In later publications, neither Spitzer nor any other officials working on subsequent editions of the DSM pointed to the evolution in the use of the kappa statistic, meaning that the early claims of Spitzer and Fleiss (1974) were never properly put into perspective. Based on their results Spitzer and Fleiss simply denounced diagnosis based on prototypes, and, as we will argue later on in this chapter, made a plea for a biomedical approach to psychopathology. Interestingly, recent research demonstrates that the idea that the prototype-based method diagnosis is unreliable is untenable. For example, Drew Westen and associates launched and tested a prototype-matching approach to diagnosis: “diagnosticians compare a patient’s overall clinical presentation to a set of diagnostic prototypes - for clinical use, paragraph-length descriptions of empirically identified disorders - and rate the ‘goodness of fit’ or extent of match of the patient’s clinical presentation to the prototype” (2012, p. 17). Applied to the diagnosis of mood and anxiety disorders, such prototype-based diagnoses cohered with consistent patterns among criterion variables, and were actually better in predicting self-reported symptoms than DSM- based categorical diagnosis (DeFife et al. 2013). Applied to personality disorders this method yielded highly reliable judgments: in an inter-rater reliability study including 65 patients a median correlation of 0.72 was observed (Westen et al. 2010). In a study focusing on 62 adolescent psychiatric patients a mean correlation of 0.70 was observed (Haggerty et al. 2016). However, in the 1970s researchers in psychiatry concluded that prototype-based diagnosis was unreliable and that a switch to a checklist- based approach was needed.
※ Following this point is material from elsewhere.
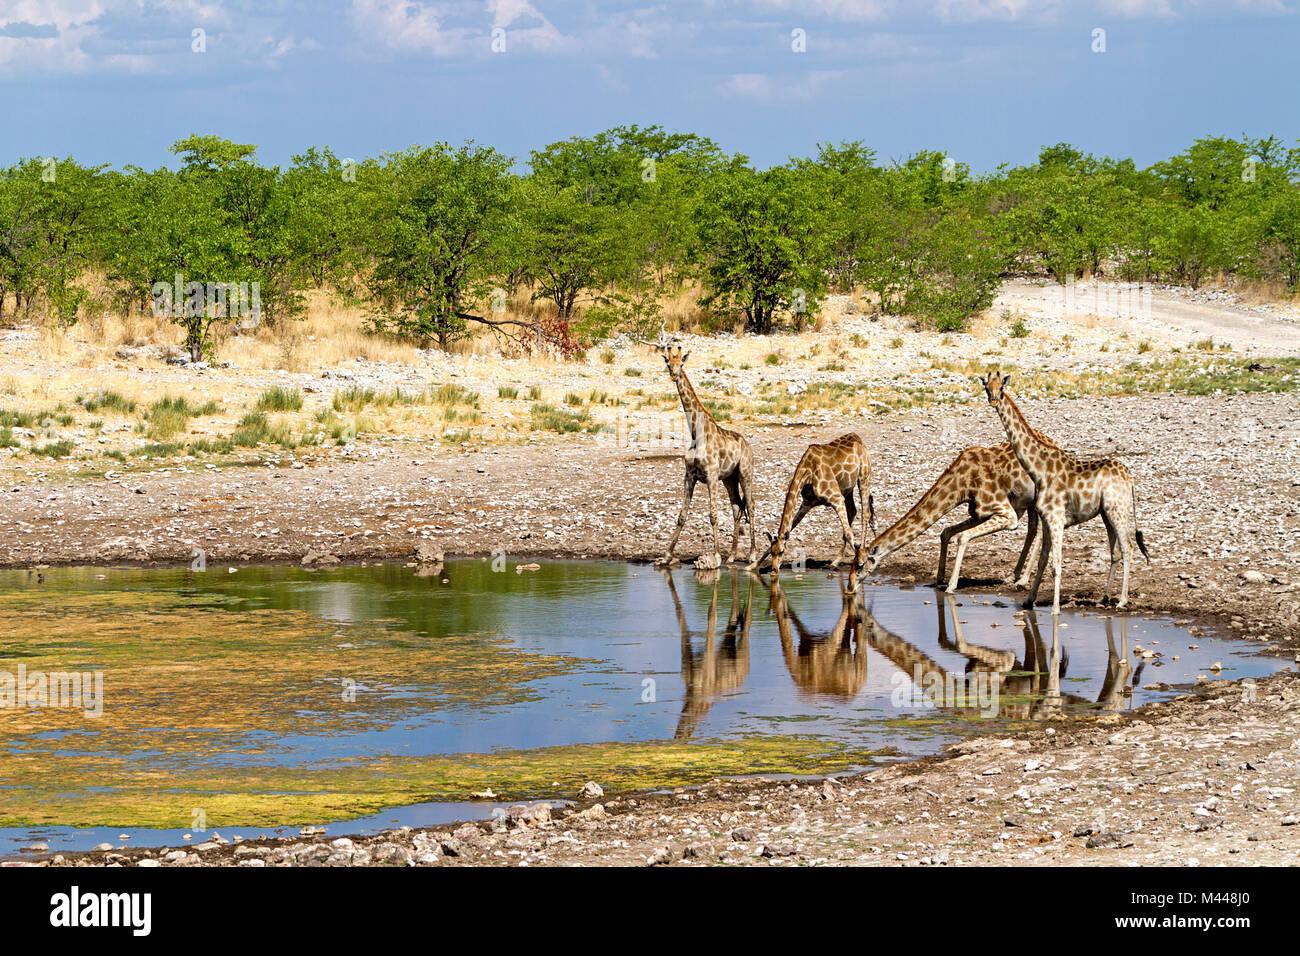 Etosha National Park - Giraffe at the waterhole - Stock Image

  • [1] Other contemporary statisticians hold on to more strict norms for the kappa statistic. Baer andBlais (2010) suggest that kappa values > 0.70 are excellent; values between 0.60 and 0.70 are good;values between 0.41 and 0.59 are questionable; and values < 0.40 are poor. Considered from thesestandards, the norms used in the DSM-5 field trial are unacceptably generous (Vanheule et al.2014).